**About this task:**
In the records below, find the line with "arabian mafia man" and repeat exactly every line from it through the line with "Benartex Studio Festive". Pictures stay out.

**Material shown:**
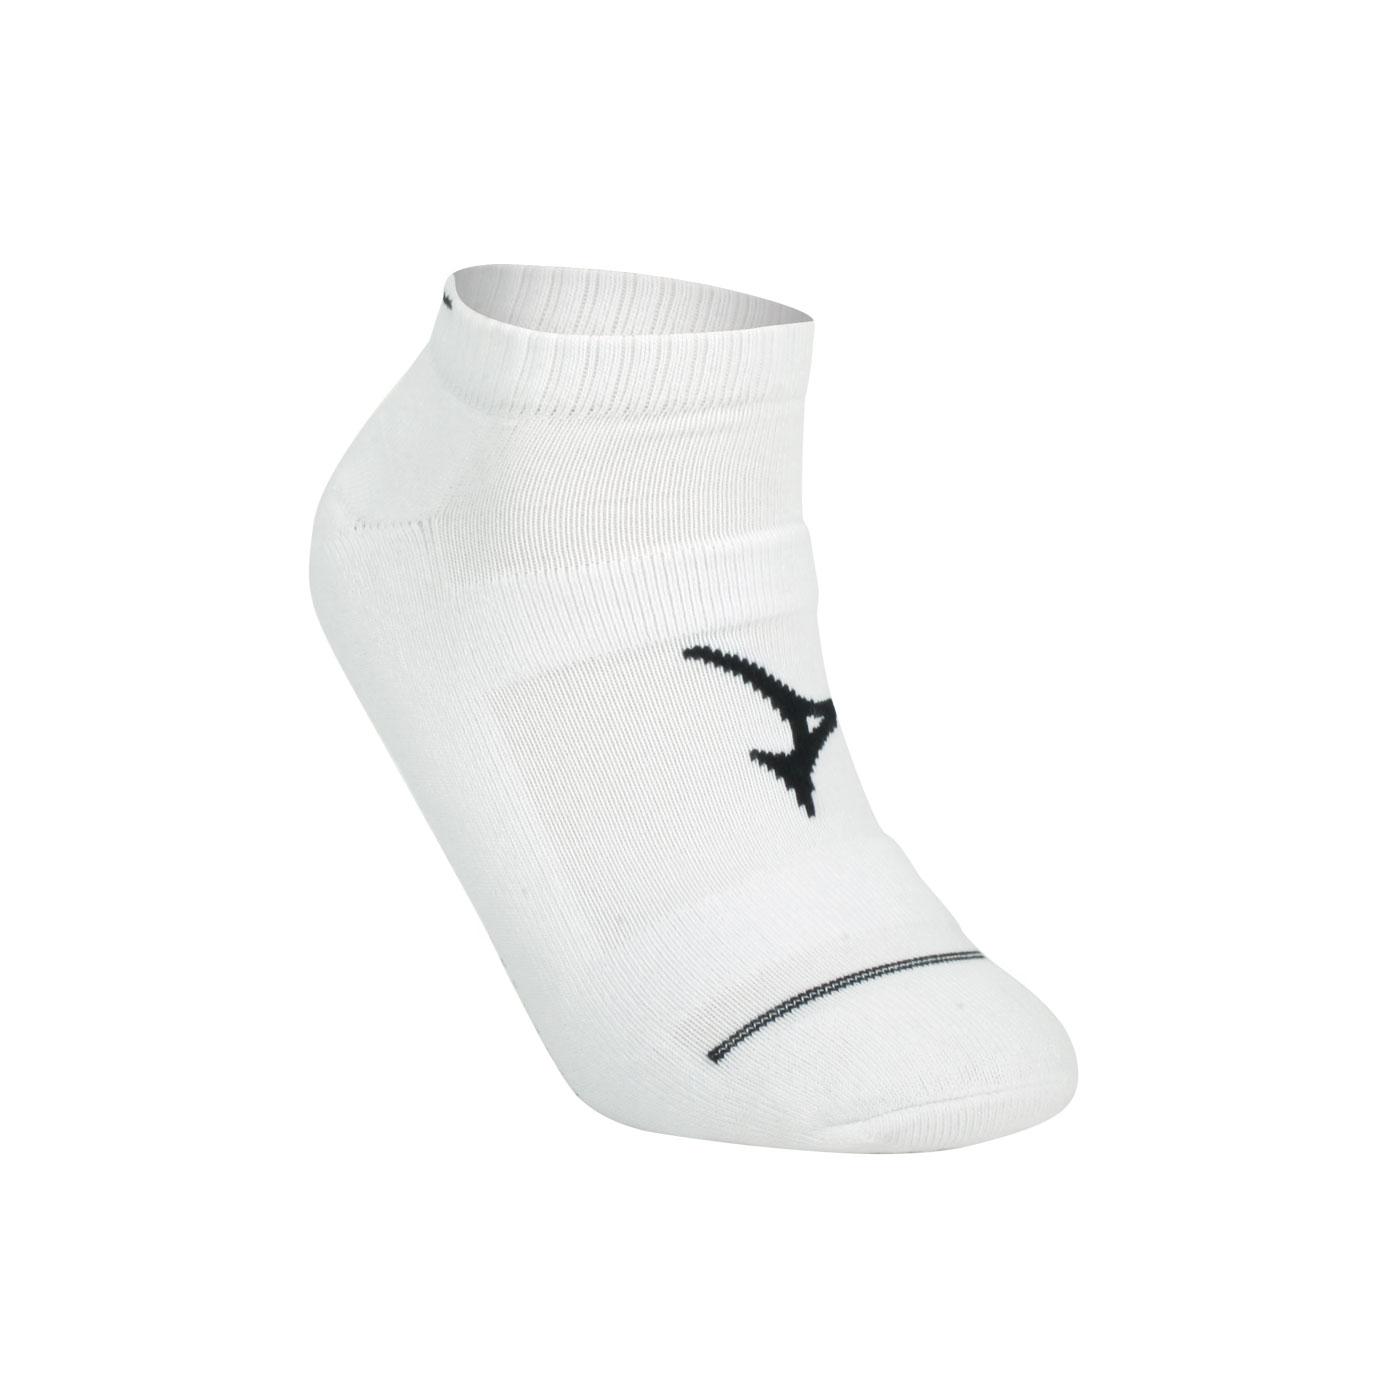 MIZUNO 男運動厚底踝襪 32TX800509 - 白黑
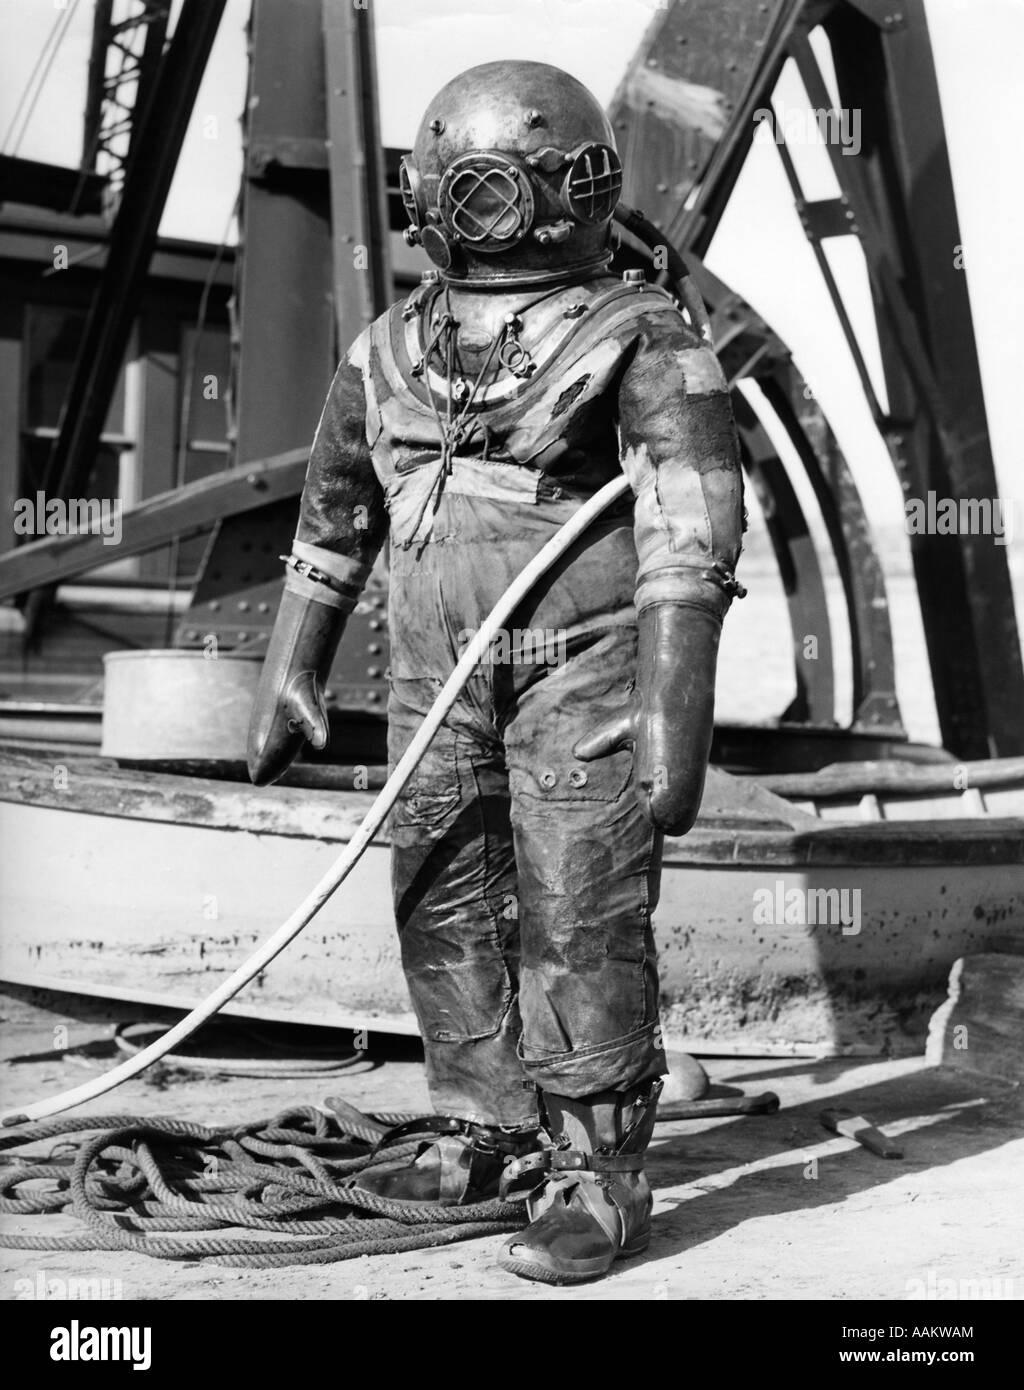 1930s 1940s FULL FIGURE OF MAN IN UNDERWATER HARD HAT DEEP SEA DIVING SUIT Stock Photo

==

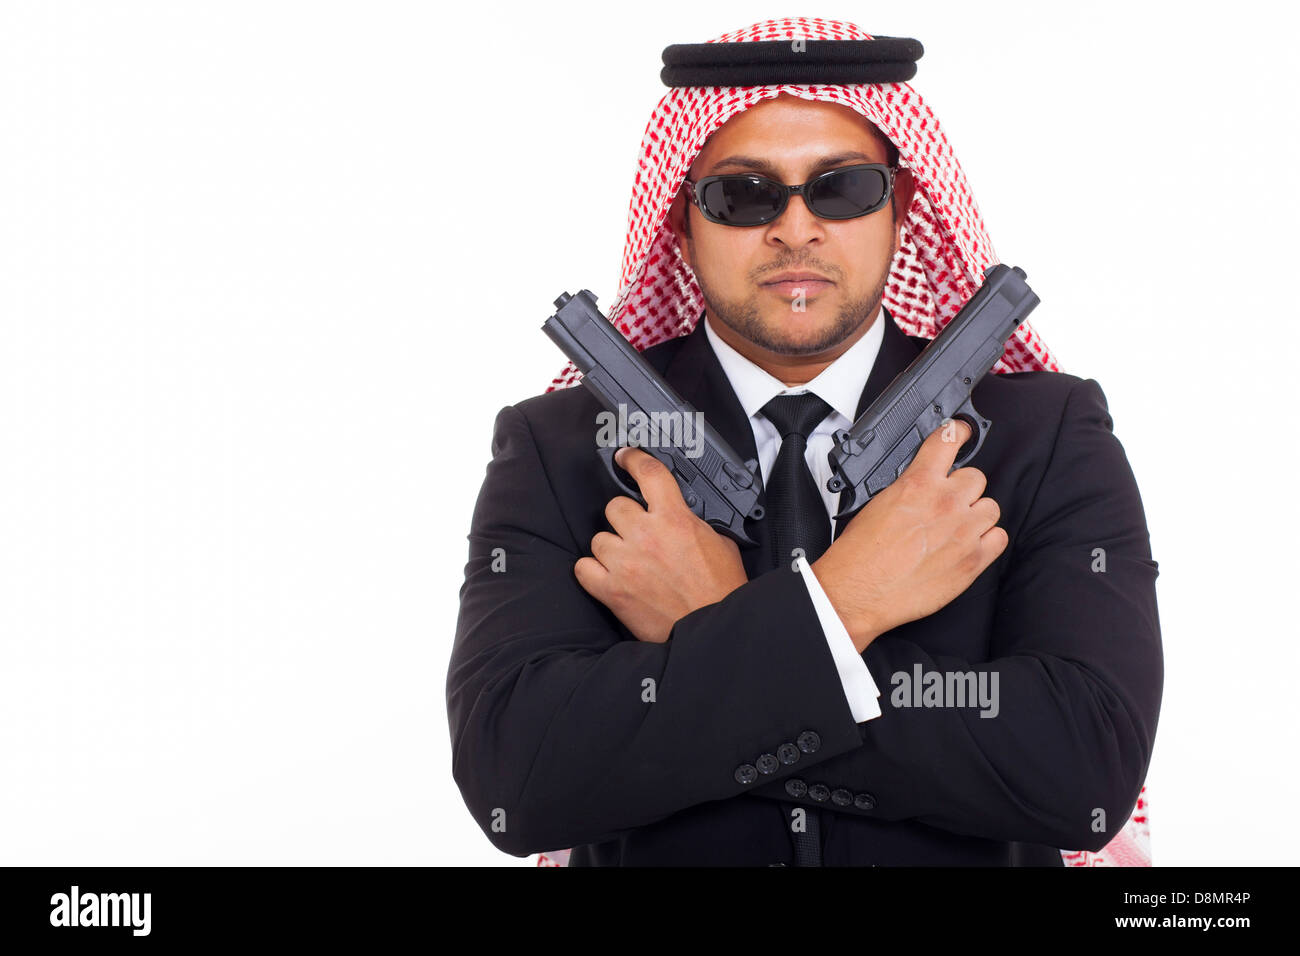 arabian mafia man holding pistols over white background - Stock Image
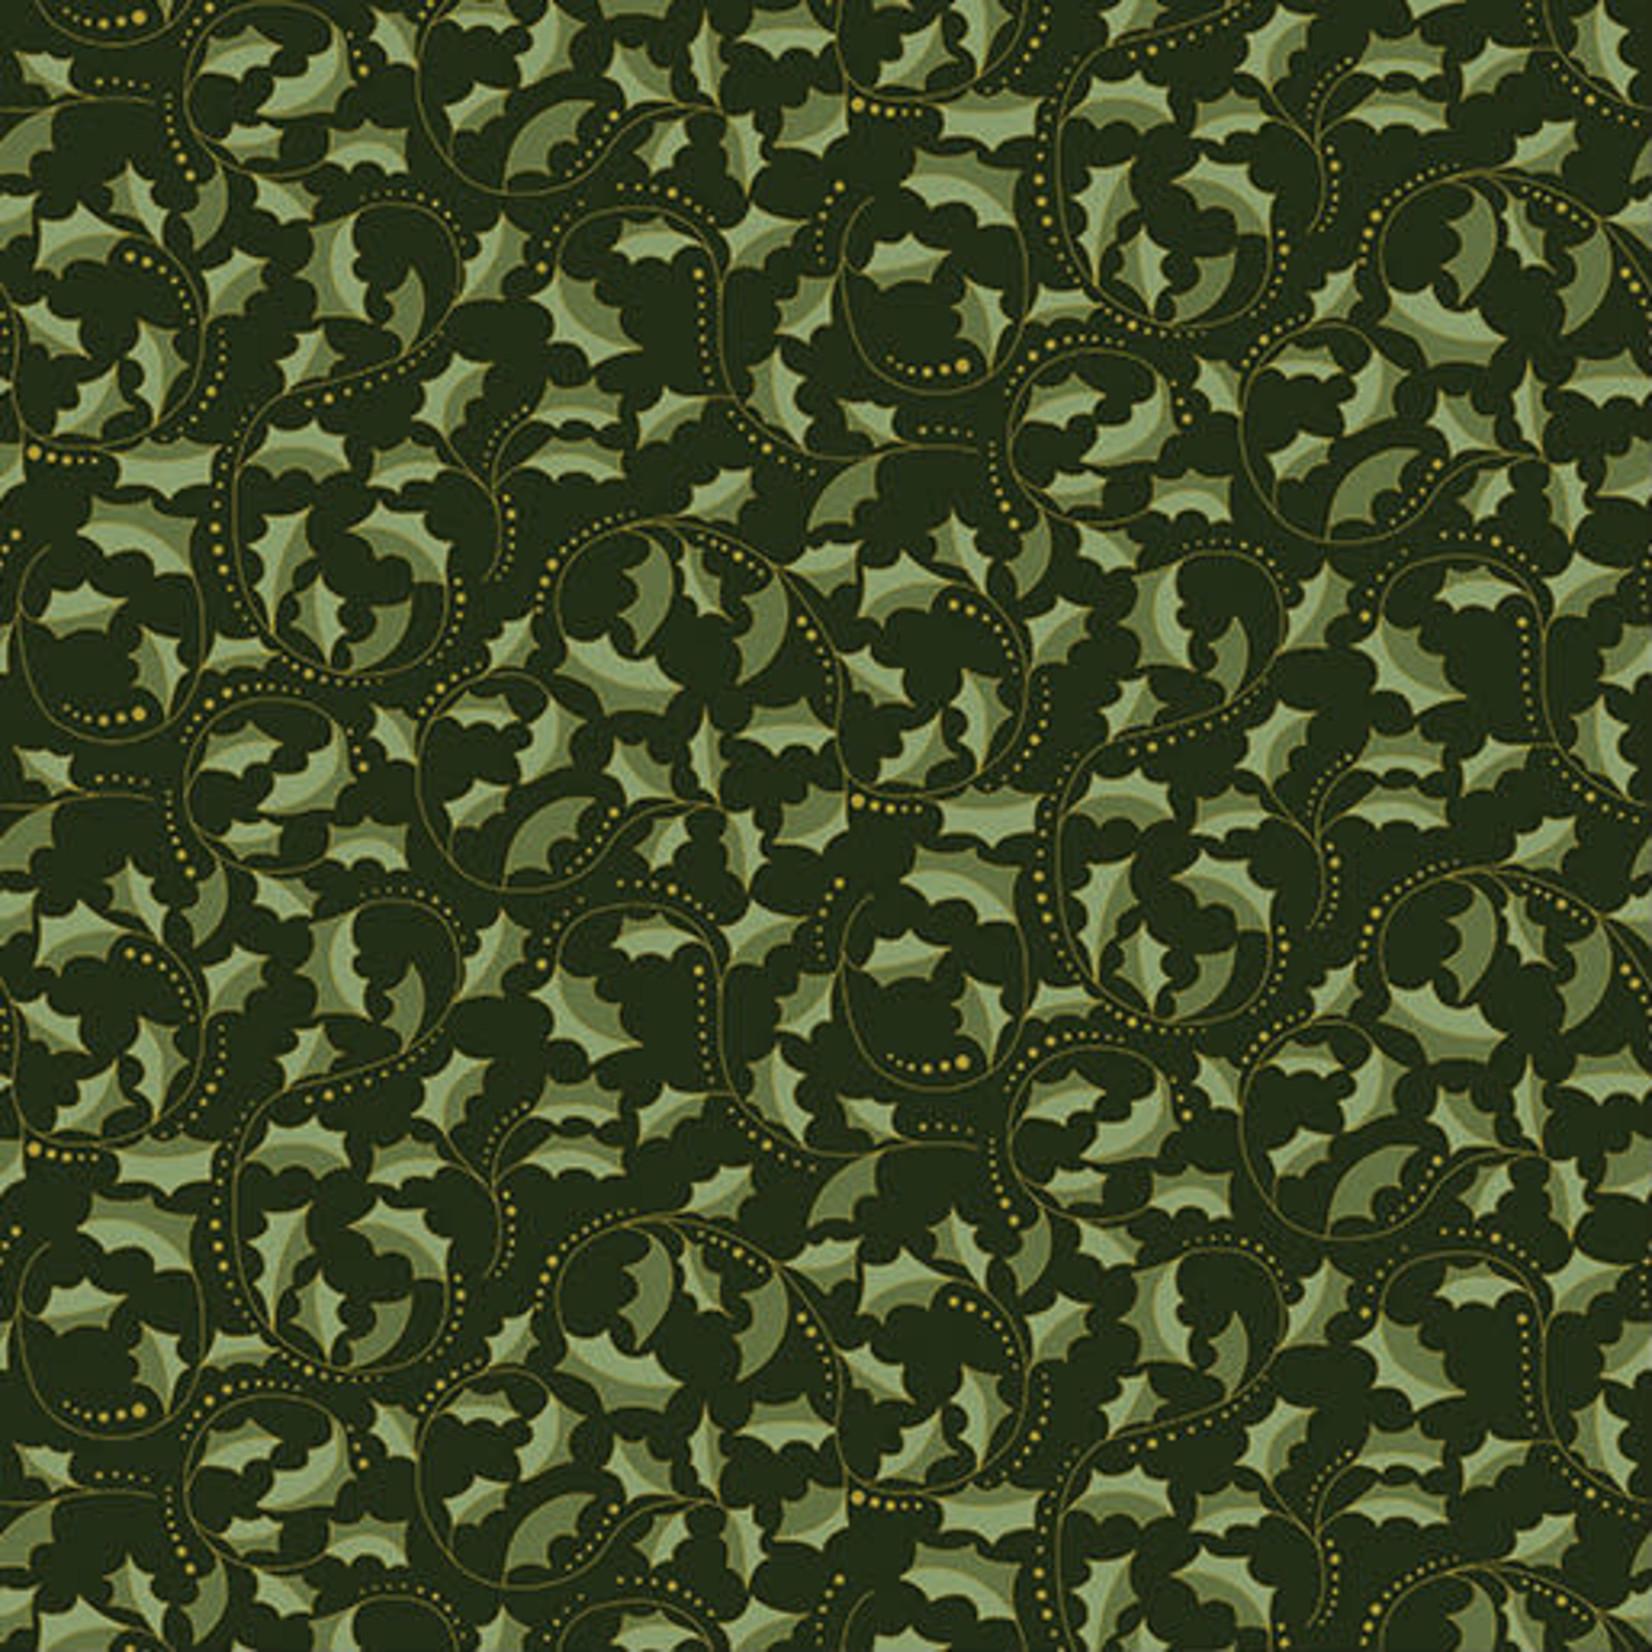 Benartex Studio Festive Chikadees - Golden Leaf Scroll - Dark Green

**Your solution:**
 arabian mafia man holding pistols over white background - Stock Image
 Benartex Studio Festive Chikadees - Golden Leaf Scroll - Dark Green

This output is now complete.